▸ Work item:
Once you reach the line that holds "Cheap Offer Stearns" in the listing below, output it and every line after it through the line that holds "Box Spring Before Too Late", word for word.

▸ Record set:
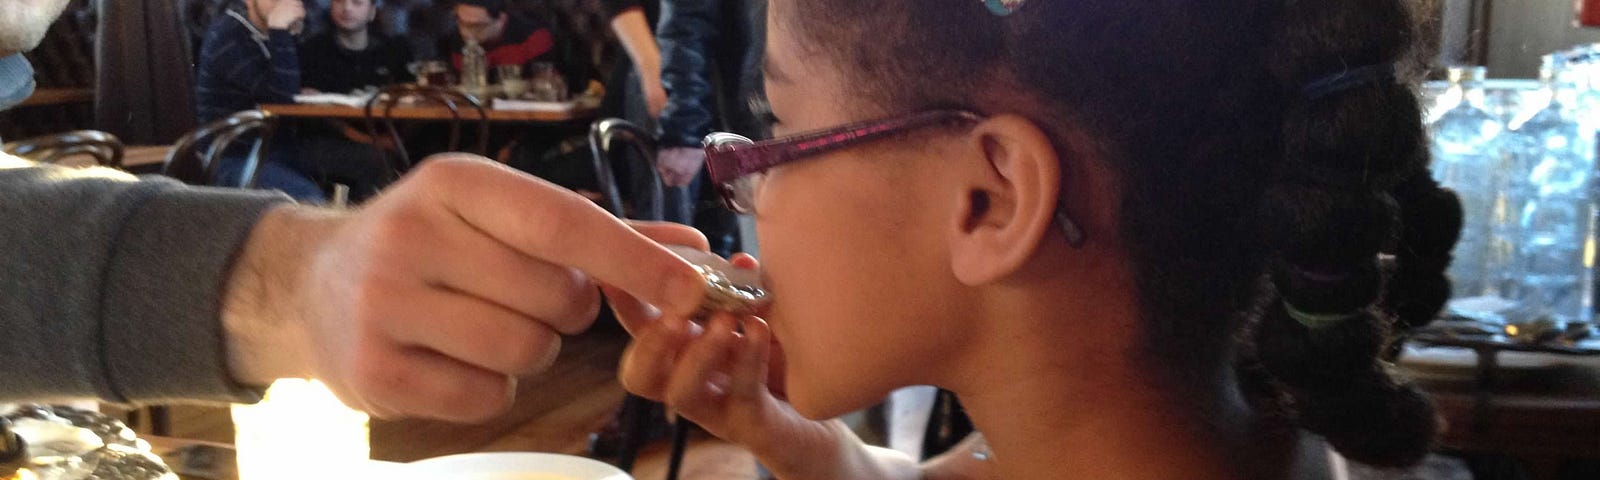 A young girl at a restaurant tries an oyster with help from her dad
---
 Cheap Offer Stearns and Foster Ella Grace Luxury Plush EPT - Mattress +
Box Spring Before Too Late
---
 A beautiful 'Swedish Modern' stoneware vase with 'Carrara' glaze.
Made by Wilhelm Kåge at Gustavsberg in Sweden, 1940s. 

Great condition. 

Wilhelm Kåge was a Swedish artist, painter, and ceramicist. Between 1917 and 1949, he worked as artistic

▸ Answer for this exercise:
 Cheap Offer Stearns and Foster Ella Grace Luxury Plush EPT - Mattress +
Box Spring Before Too Late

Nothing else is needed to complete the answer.